Deep learning was the theme of GTC 2015, and an idea being explored is “RGBD Occlusion Detection via Deep Convolutional Neural Networks” by a group of researchers at United Technologies Research Center in East Hartford, Connecticut.
Here’s the talk: RGBD Occlusion Detection via Deep Convolutional Neural Networks. Actual information starts at the 2:13 mark.
Occlusion detection can help with feature selection, which is helpful in Simultaneous Localization and Mapping (SLAM) problems in robotics, such as mapping indoor environments, object recognition, grasping and obstacle avoidance in UAVs.
The research time investigated several different ways of looking at scenes. As input, RGB + depth information was gathered from video frames. They used this information to train a neural net using convolutional filters to generate feature maps from data. This produced a good edge detector. This, combined with optical flow, seems like a promising area of research.

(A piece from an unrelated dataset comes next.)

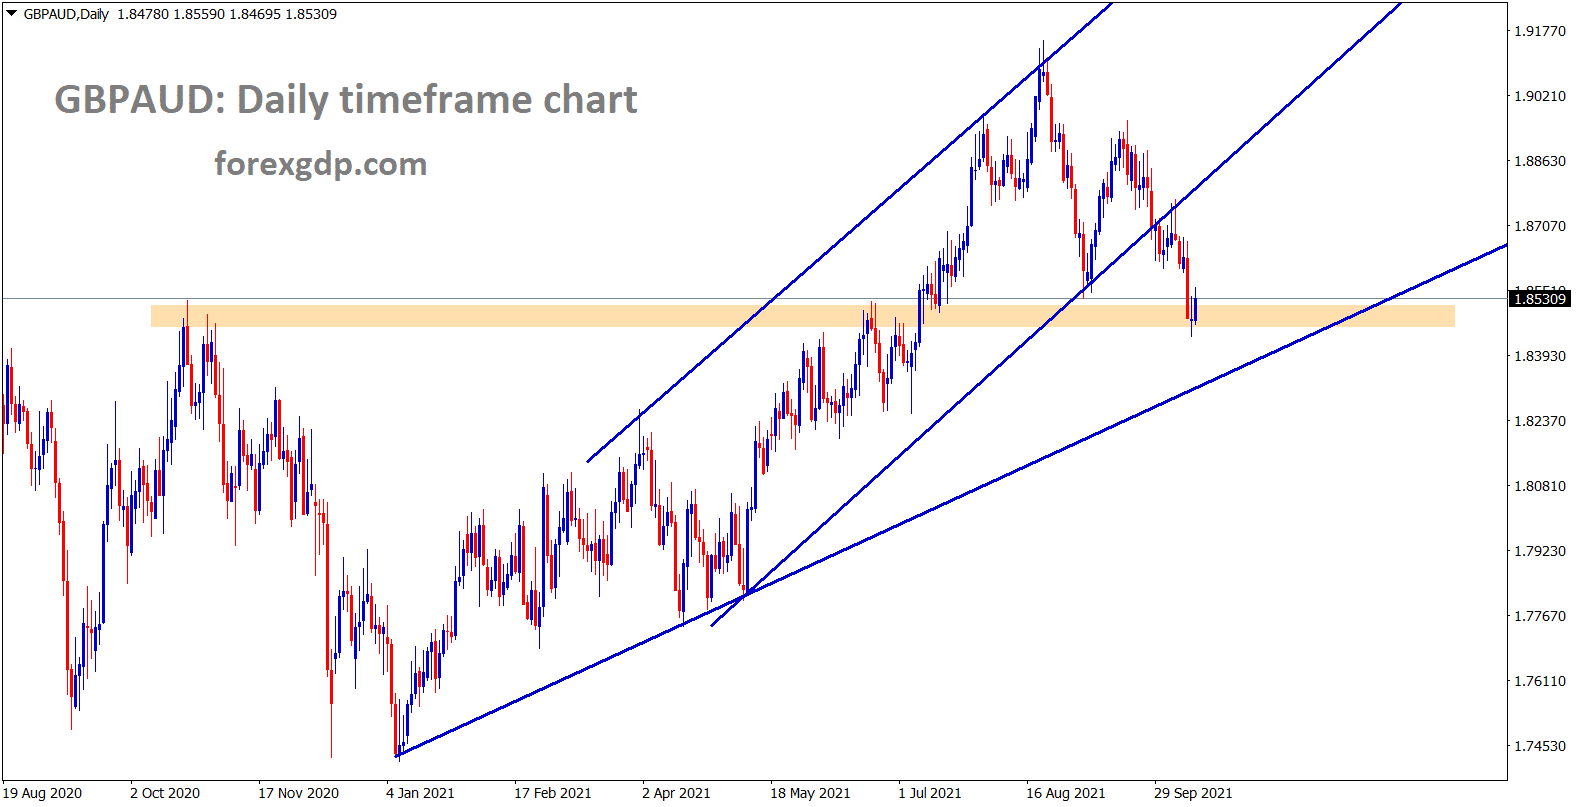 GBPAUD has reached the previous horizontal resistance area and trying to make a correction

The whole idea of training a network to see makes one wonder how long, and how much work, does training actually take? Take a robot for example. If we think about this as a learning machine, which has little environmental knowledge, how do we send it out to ‘learn’ the environment? Is there some baseline that is used, or pre-training that must be done manually? Or is the learning supplemental, where you place on-board general purpose ‘old school’ computer vision algorithms on board and the robot starts learning and building its neural network in parallel? This neural network would eventually supplement or supplant the ‘boot strapping’ computer vision code.
This talk made me think more than answer questions that I had about the subject.